Populating a Python dict having a table-like structure to a CSV
Today, I want to share with you a neat trick I recently discovered for populating a CSV file with data in a table-like structure using Python.
Writing Key-Value Pairs to a CSV Row
Firstly, let's discuss the write_key_value
function. This function allows us to write key-value pairs to a CSV row. It's particularly useful when dealing with metrics or data that can be represented as simple pairs.

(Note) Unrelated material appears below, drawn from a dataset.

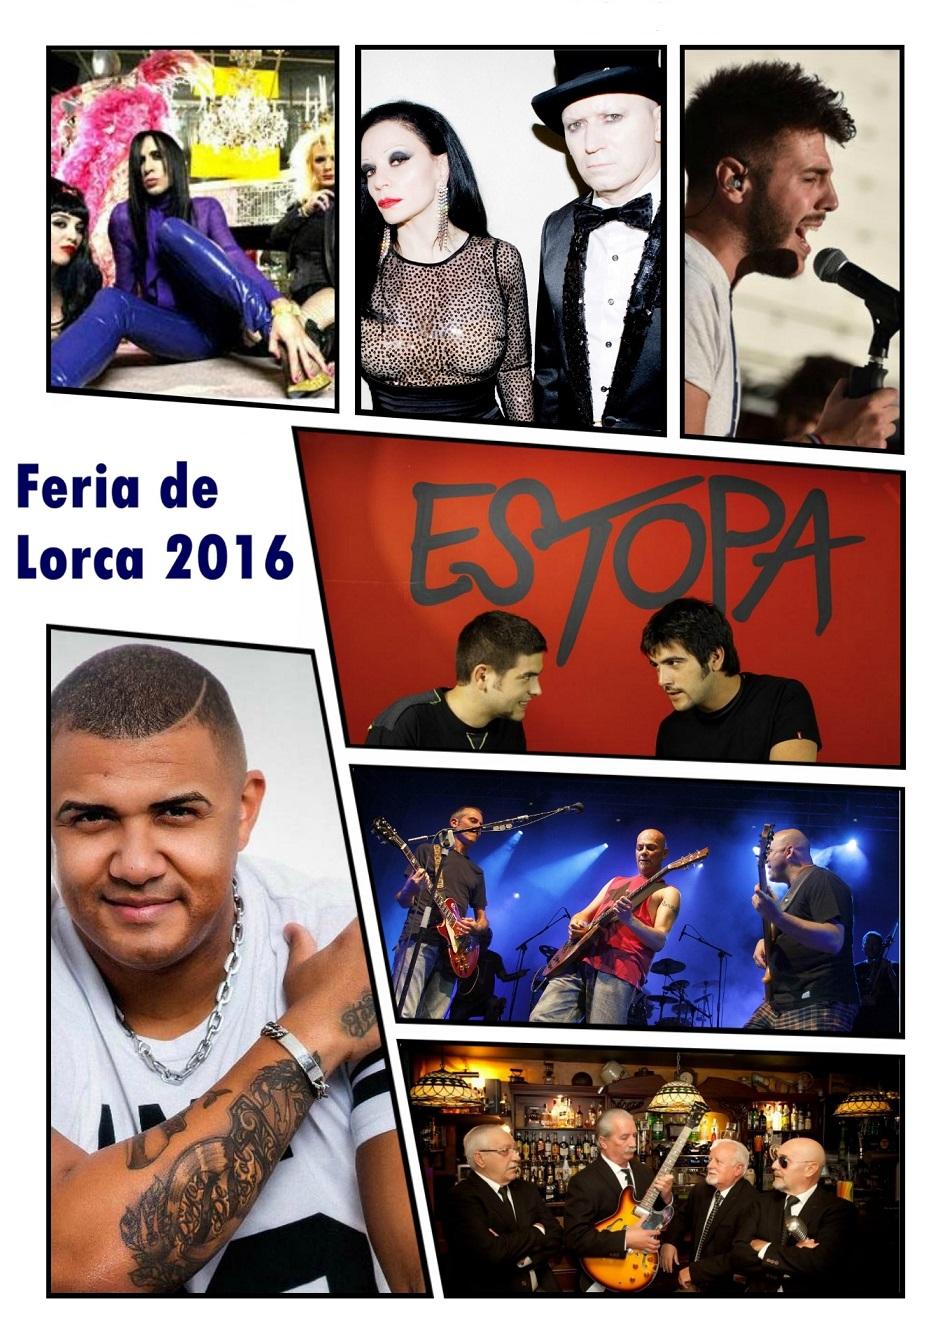 FERIA-DE-LORCA 2016

# Function to populate a CSV row with key-value pairs
def write_key_value(writer, dictionary):
for key, value in dictionary.items():
writer.writerow([key, value])
Writing a Table-Like Structure to a CSV File
Now, let's dive into the write_table
function, which handles more complex scenarios where the data follows a table-like structure. This function takes into account different types of metrics and adjusts the CSV table structure accordingly.

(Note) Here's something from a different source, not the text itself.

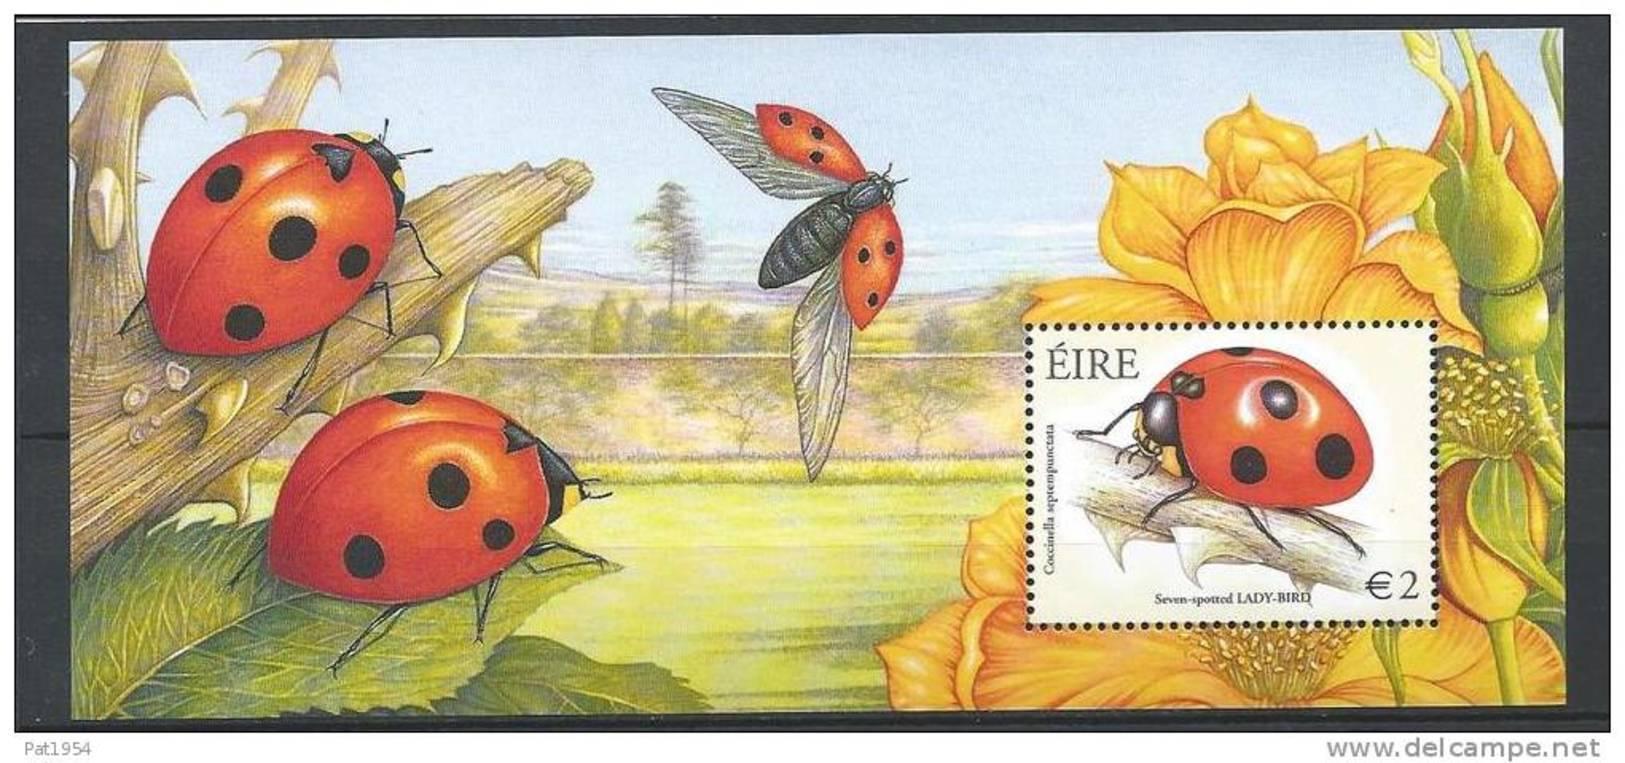 Irlande 2003 Bloc  N°49 Neuf Avec Animal Coccinelles - Blocs-feuillets

Assuming you have a structure of the dictionary like:
data = {
"Students": {
"John Doe": {
"course": "Mathematics",
"grade": "A",
"attendance": 95,
"assignments_completed": 15,
"student_id": "JD001"
},
"Alice Smith": {
"course": "Physics",
"grade": "B+",
"attendance": 85,
"assignments_completed": 12,
"student_id": "AS002"
},
"Bob Johnson": {
"course": "Computer Science",
"grade": "A-",
"attendance": 90,
"assignments_completed": 14,
"student_id": "BJ003"
}
}
}
And you want to write it to a CSV file, like this:
student, course, grade, attendance, assignments_completed, student_id
John Doe, Mathematics, A, 95, 15, JD001
Alice Smith, Physics, B+, 85, 12, AS002
Bob Johnson, Computer Science, A-, 90, 14, BJ003
We can create a function write_table
that will take in the dictionary
as the actual data. We want to store the keys of the inner dictionary to be the header/columns of the csv file. As we can see the keys of the inner dict i.e. the value for the key John Doe
is a dict with the keys course
, grade
, attendance
, etc. which remain the same for the all the keys in the dictionary.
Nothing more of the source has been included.